+++ Information provided

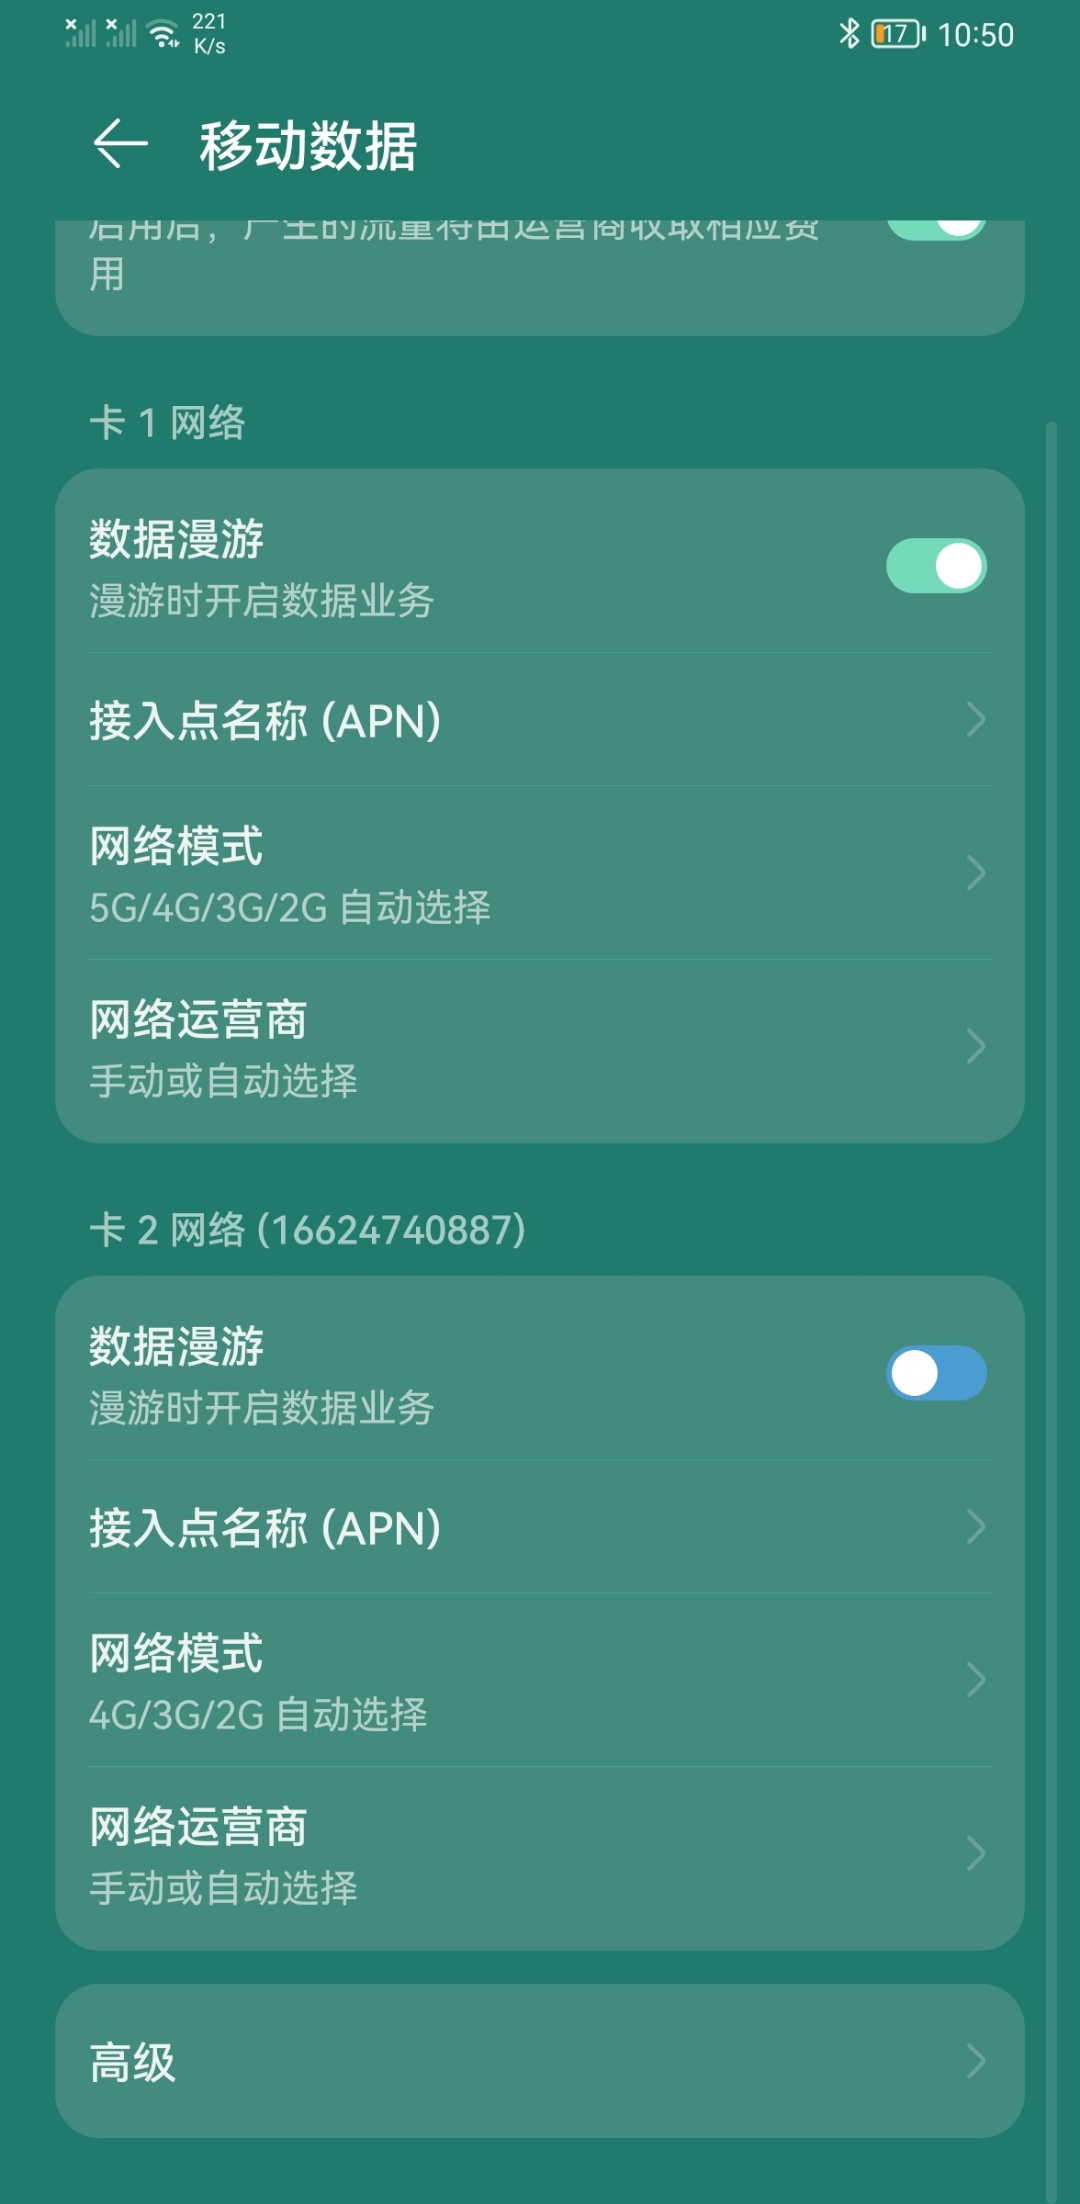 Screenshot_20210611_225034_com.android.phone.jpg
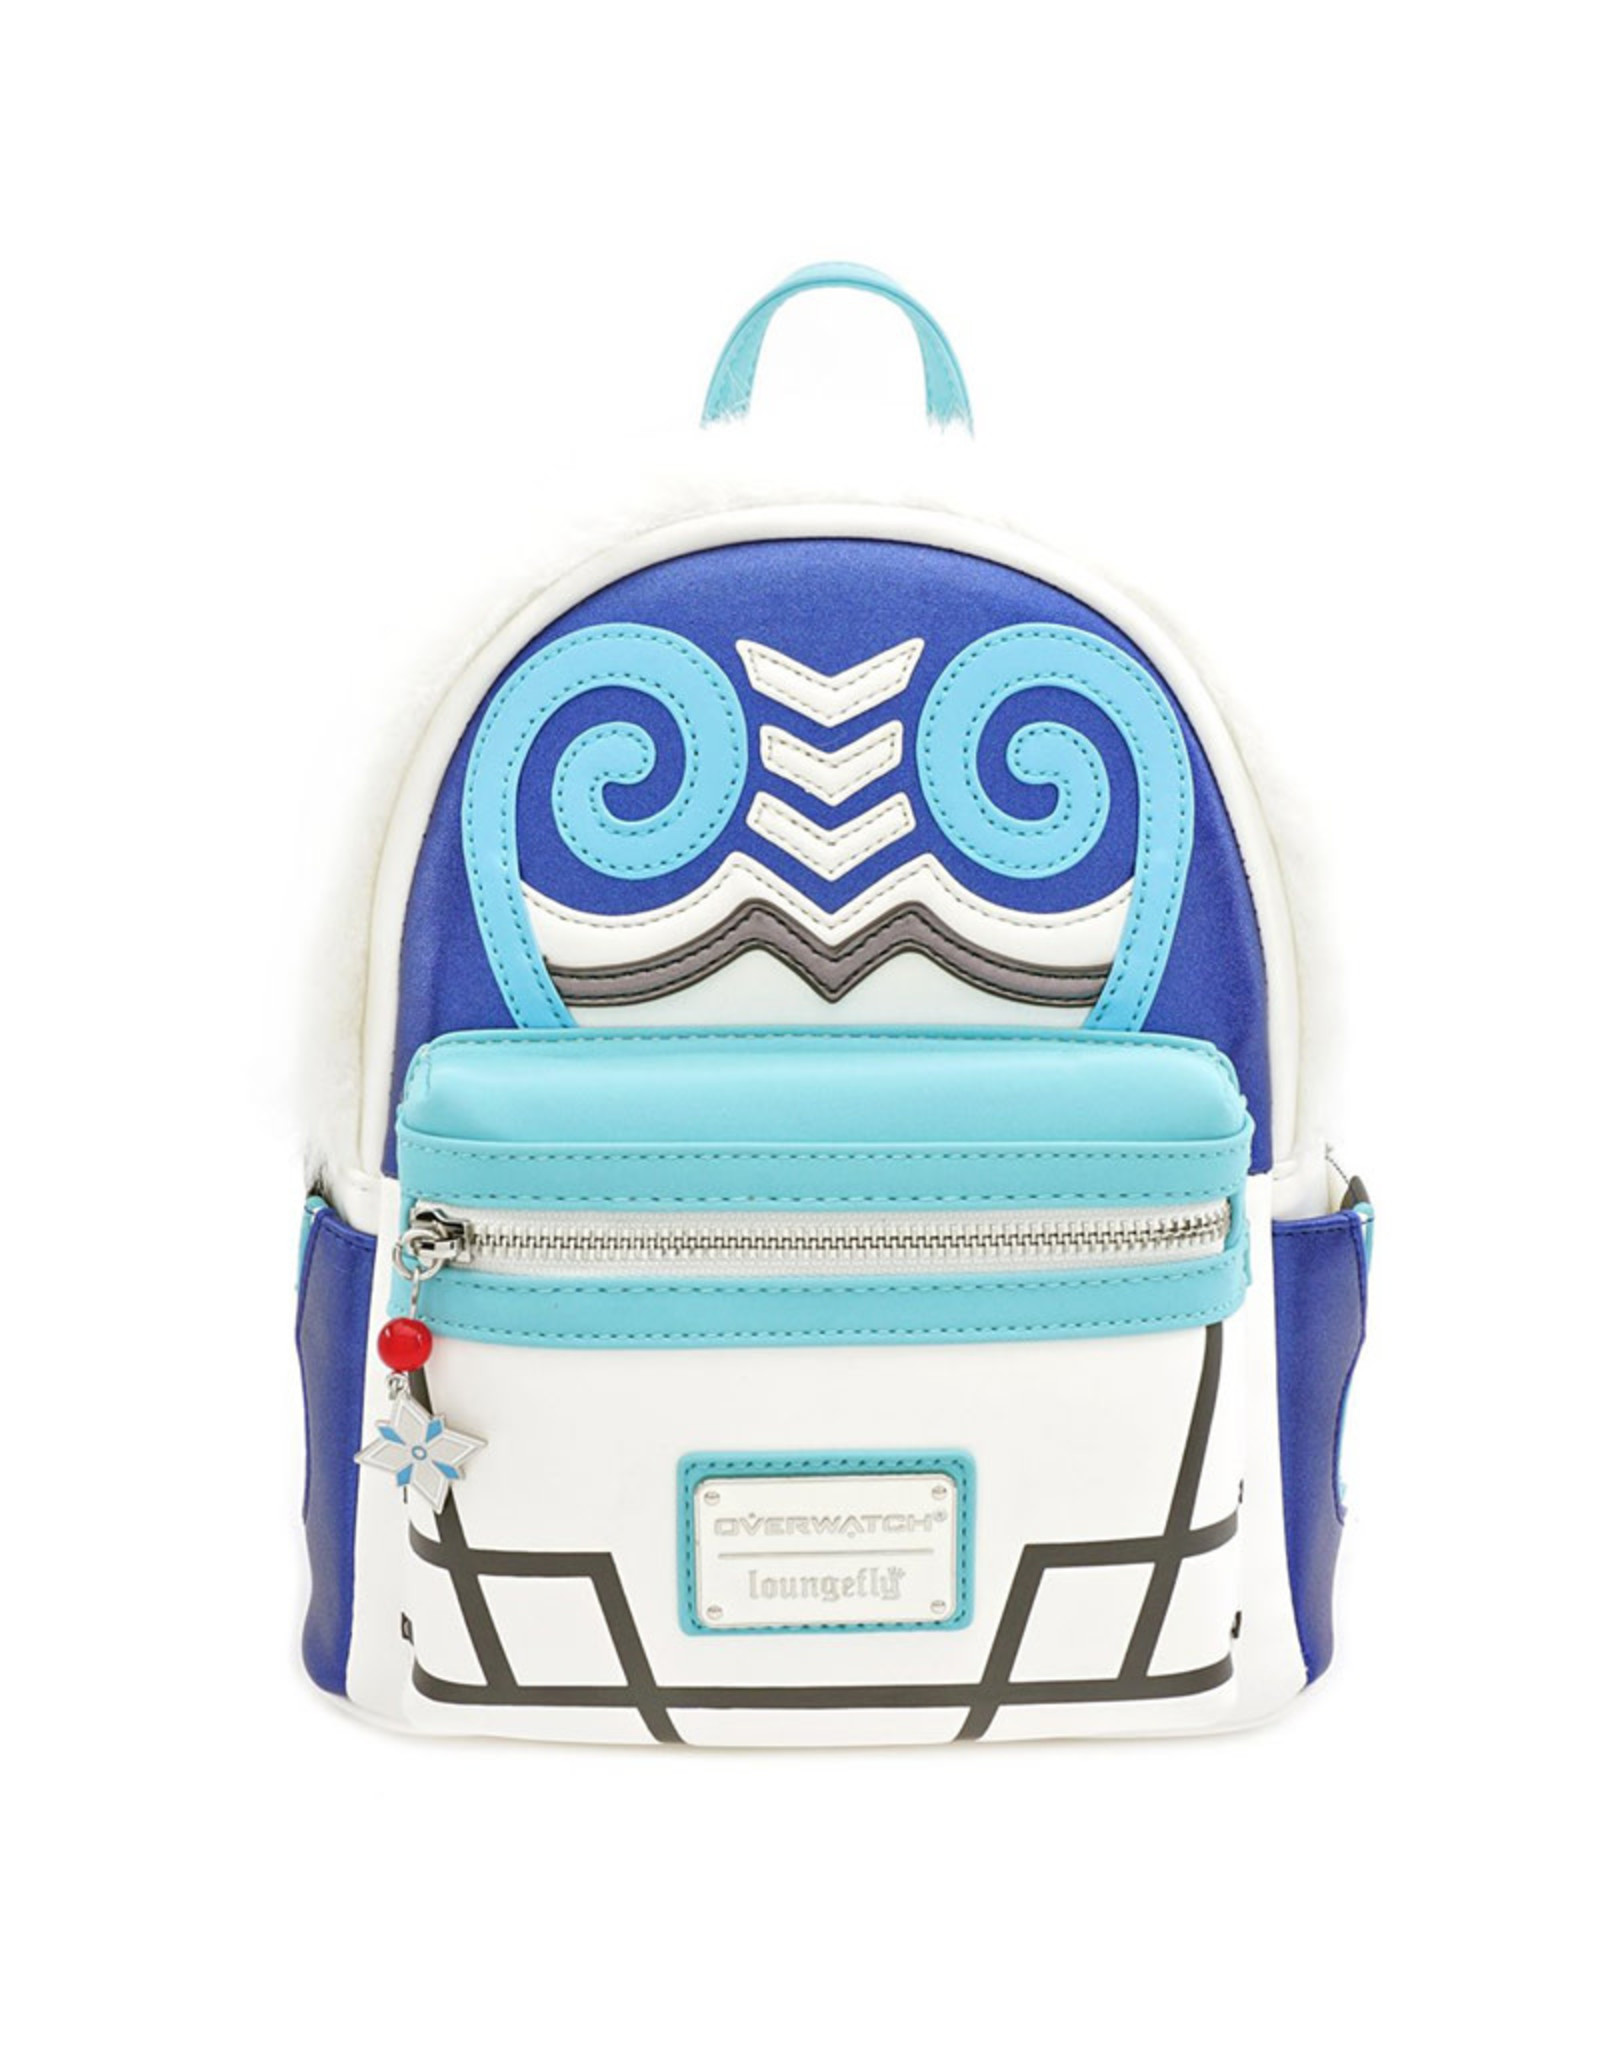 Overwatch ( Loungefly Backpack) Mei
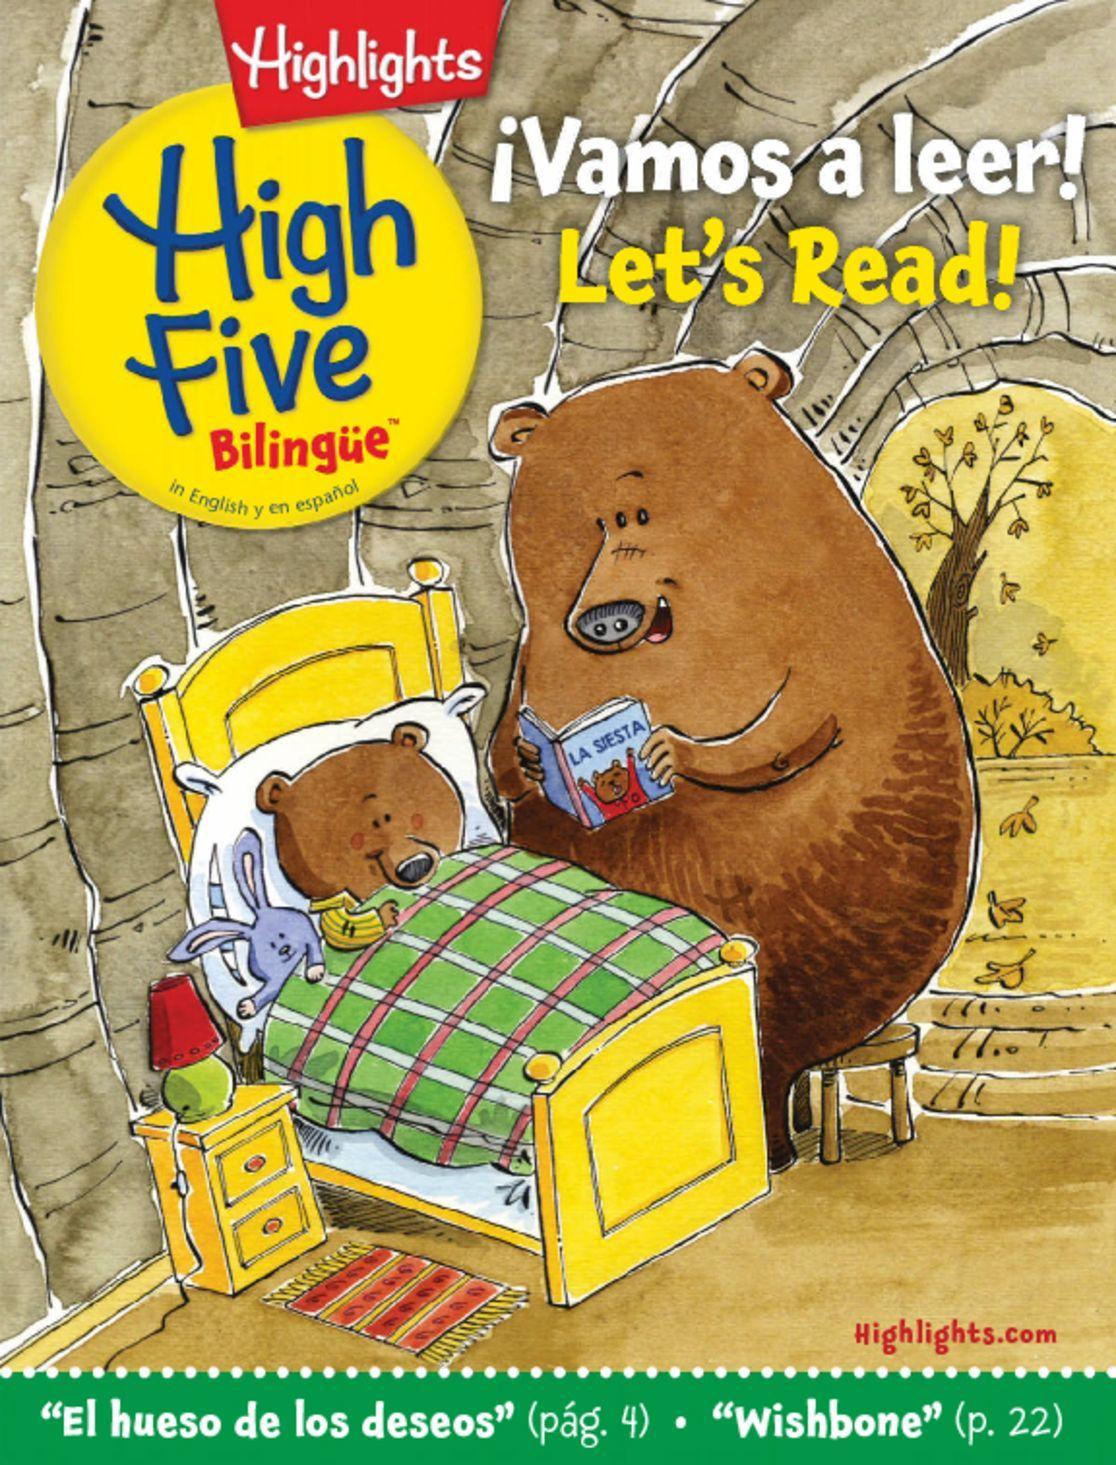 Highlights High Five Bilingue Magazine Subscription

++++++

**Directions:** From the first line to the last, set down the data exactly, without the pictures.

**Answer space:**
 Screenshot_20210611_225034_com.android.phone.jpg
 Overwatch ( Loungefly Backpack) Mei
 Highlights High Five Bilingue Magazine Subscription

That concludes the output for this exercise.